§ WORK TO BE COMPLETED:
What I need is an exact repeat of the lines from the one with "NEW ERA/ニューエラ ビーニー" through the end of the listing below. Leave out every picture.

§ DATASET SECTION:
□ □ □ □ □
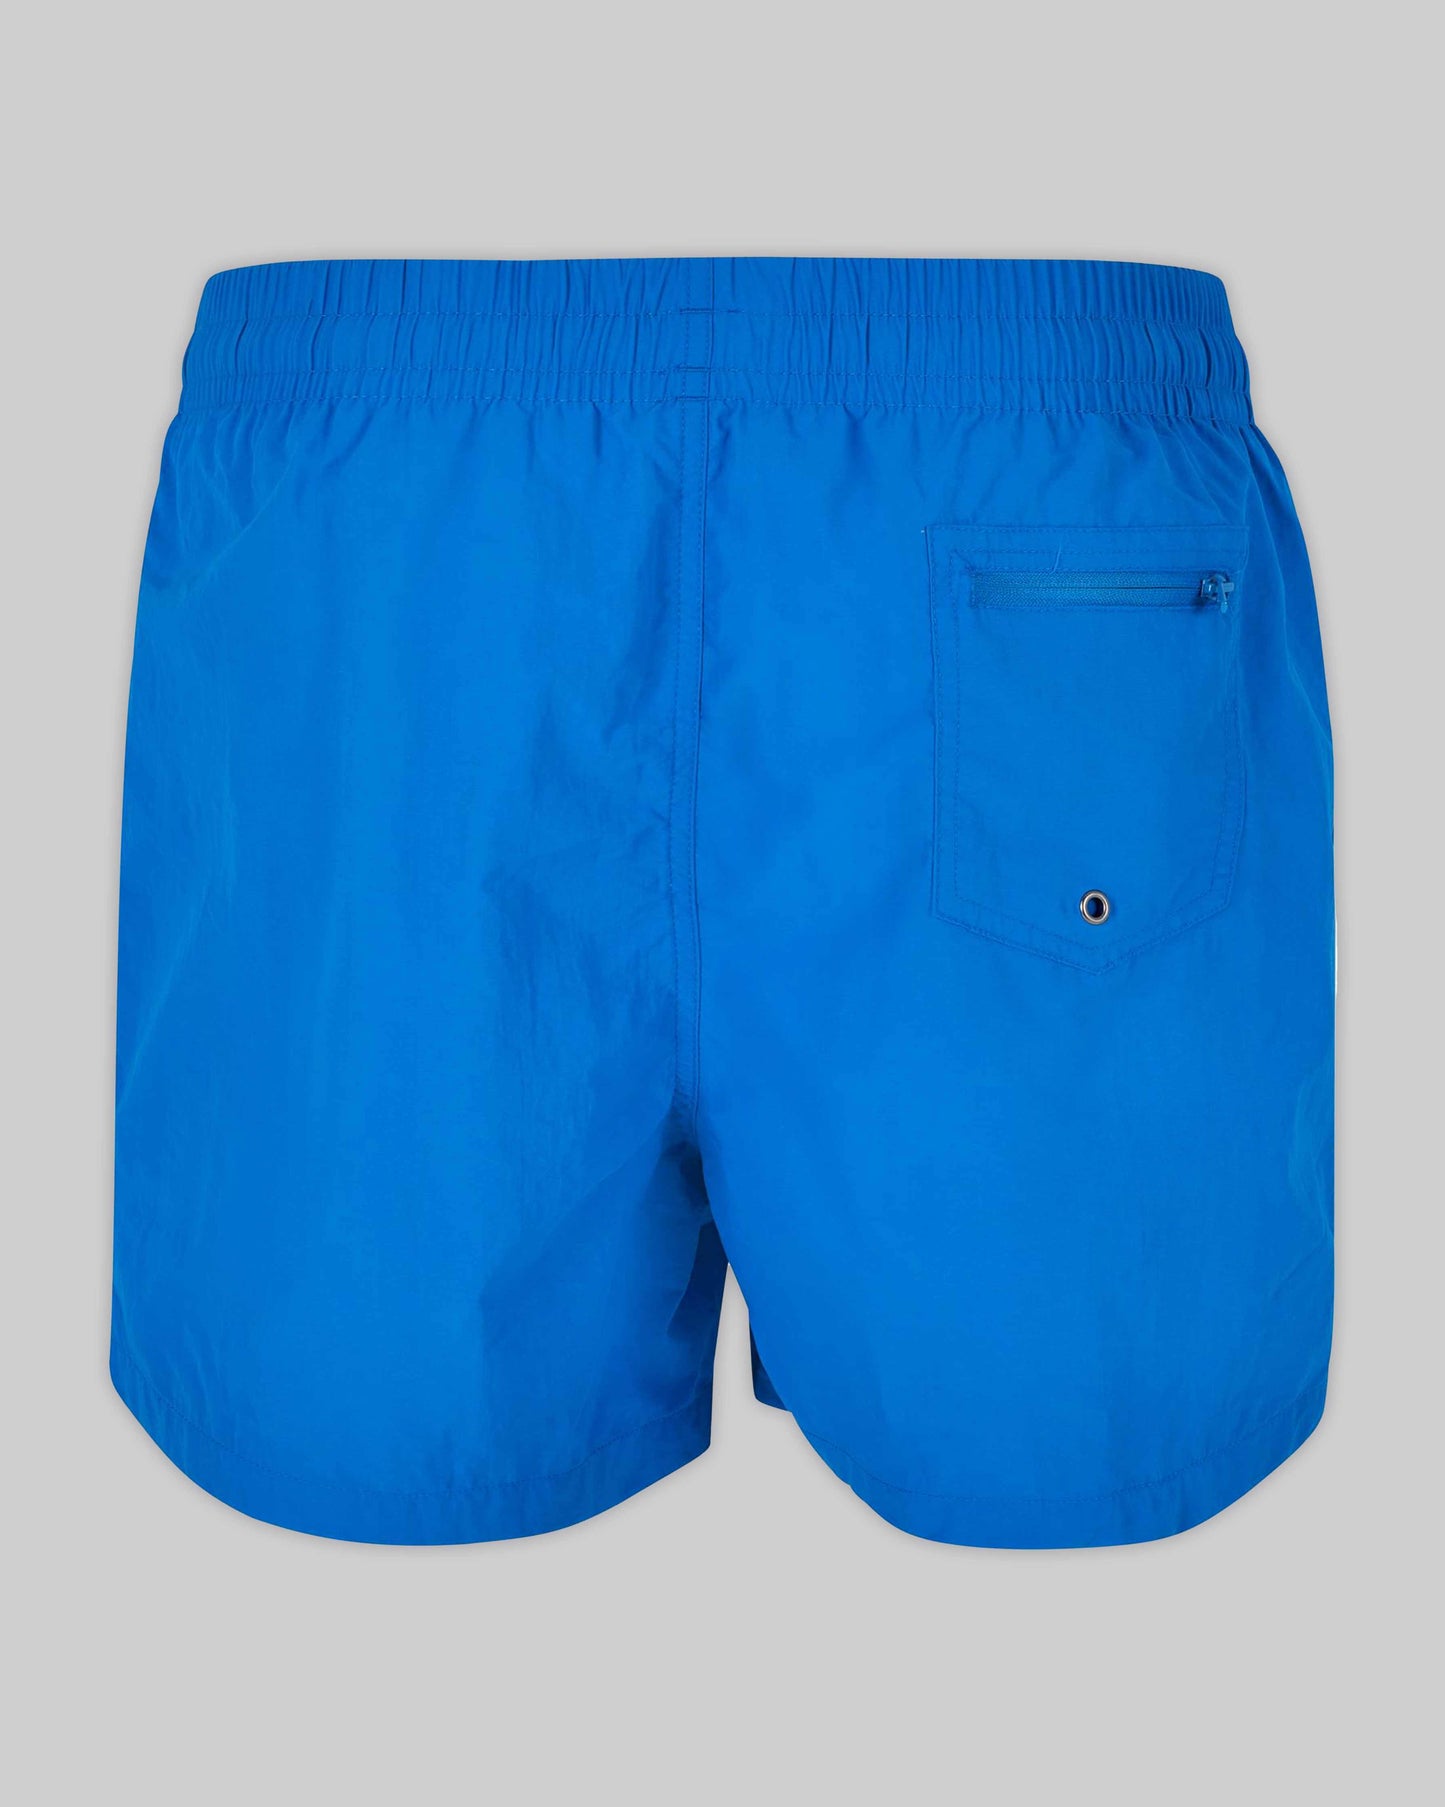 EINHORST® Schwimm- & Sportshorts mit dem Motiv "pride-Regenbogen" in der Farbe "Cobald Blue", Bild von hinten
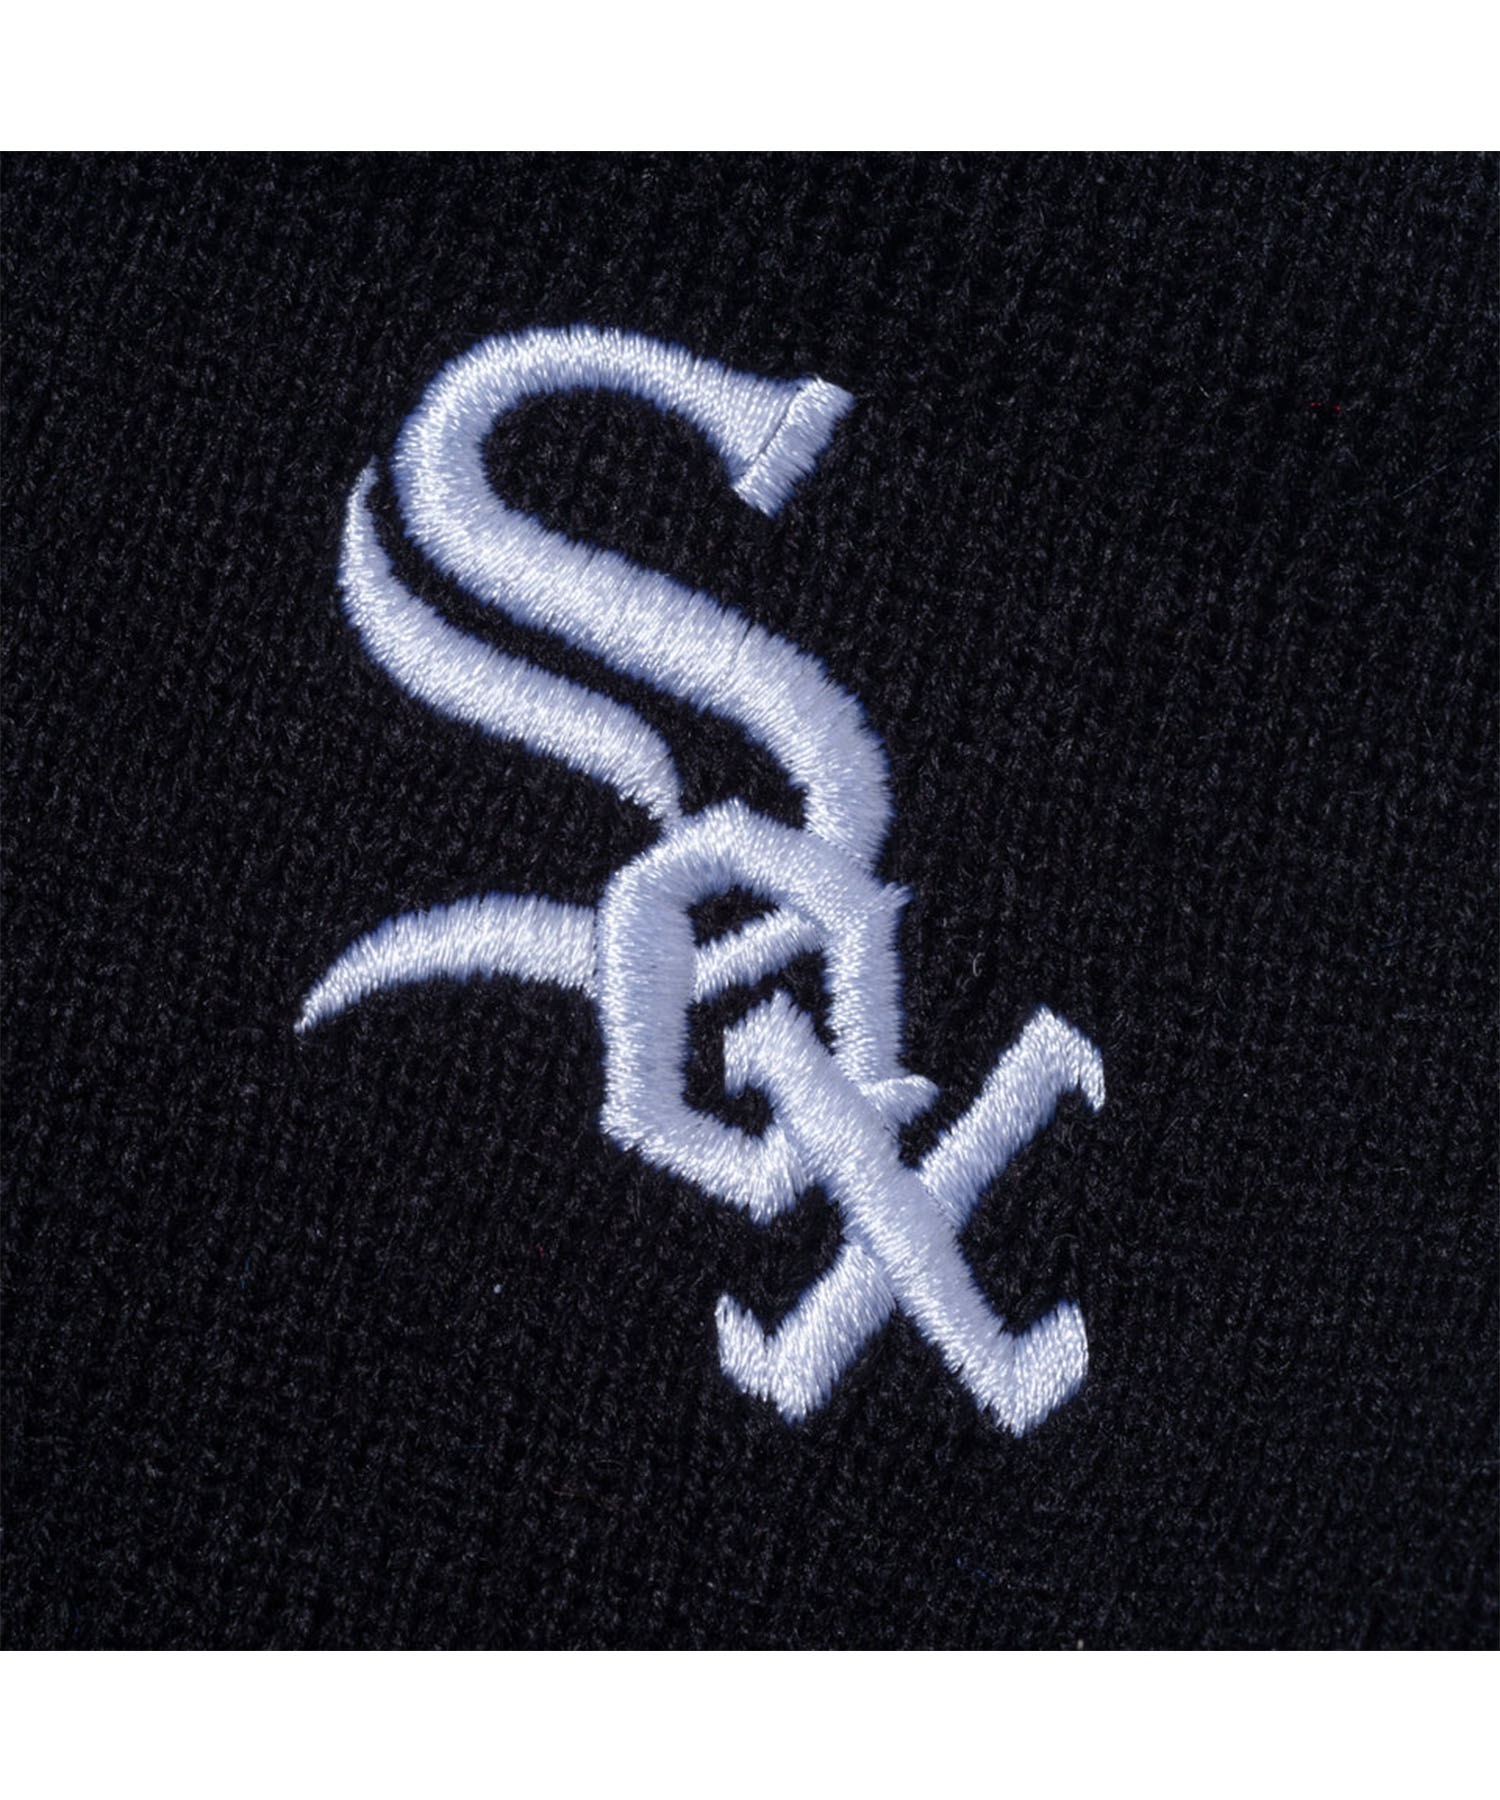 NEW ERA/ニューエラ ビーニー ニット帽 ダブル 13751373 MLB ALLOVER シカゴ・ホワイトソックス(BLK-FREE)
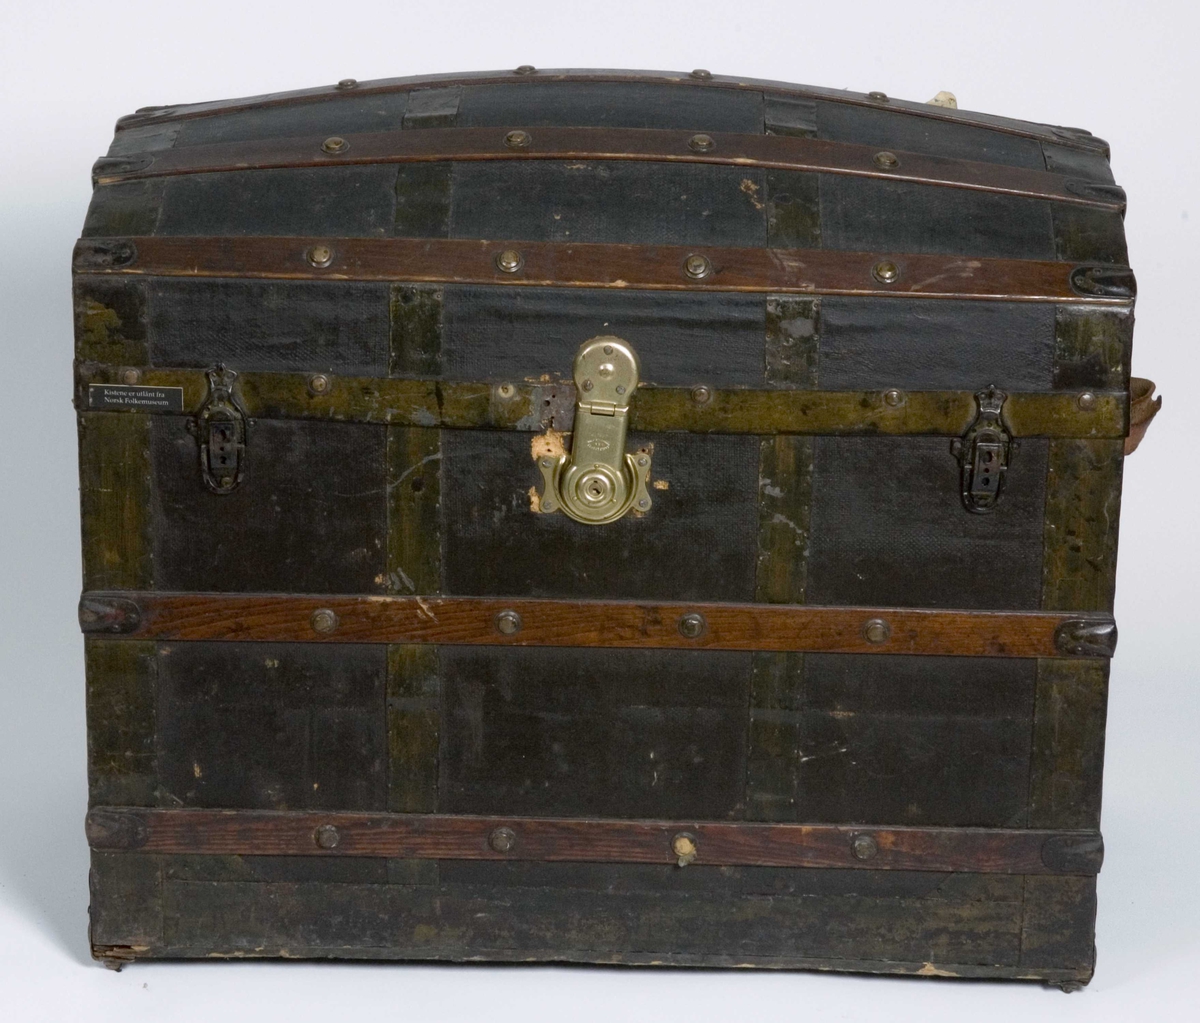 Koffert i kisteform med buet lokk, beslått med jernblikk og trelister. Innvendig utkledd med papir og tekstil.
□ □ □ □ □
§ EXPECTED OUTPUT:
 NEW ERA/ニューエラ ビーニー ニット帽 ダブル 13751373 MLB ALLOVER シカゴ・ホワイトソックス(BLK-FREE)
 Koffert i kisteform med buet lokk, beslått med jernblikk og trelister. Innvendig utkledd med papir og tekstil.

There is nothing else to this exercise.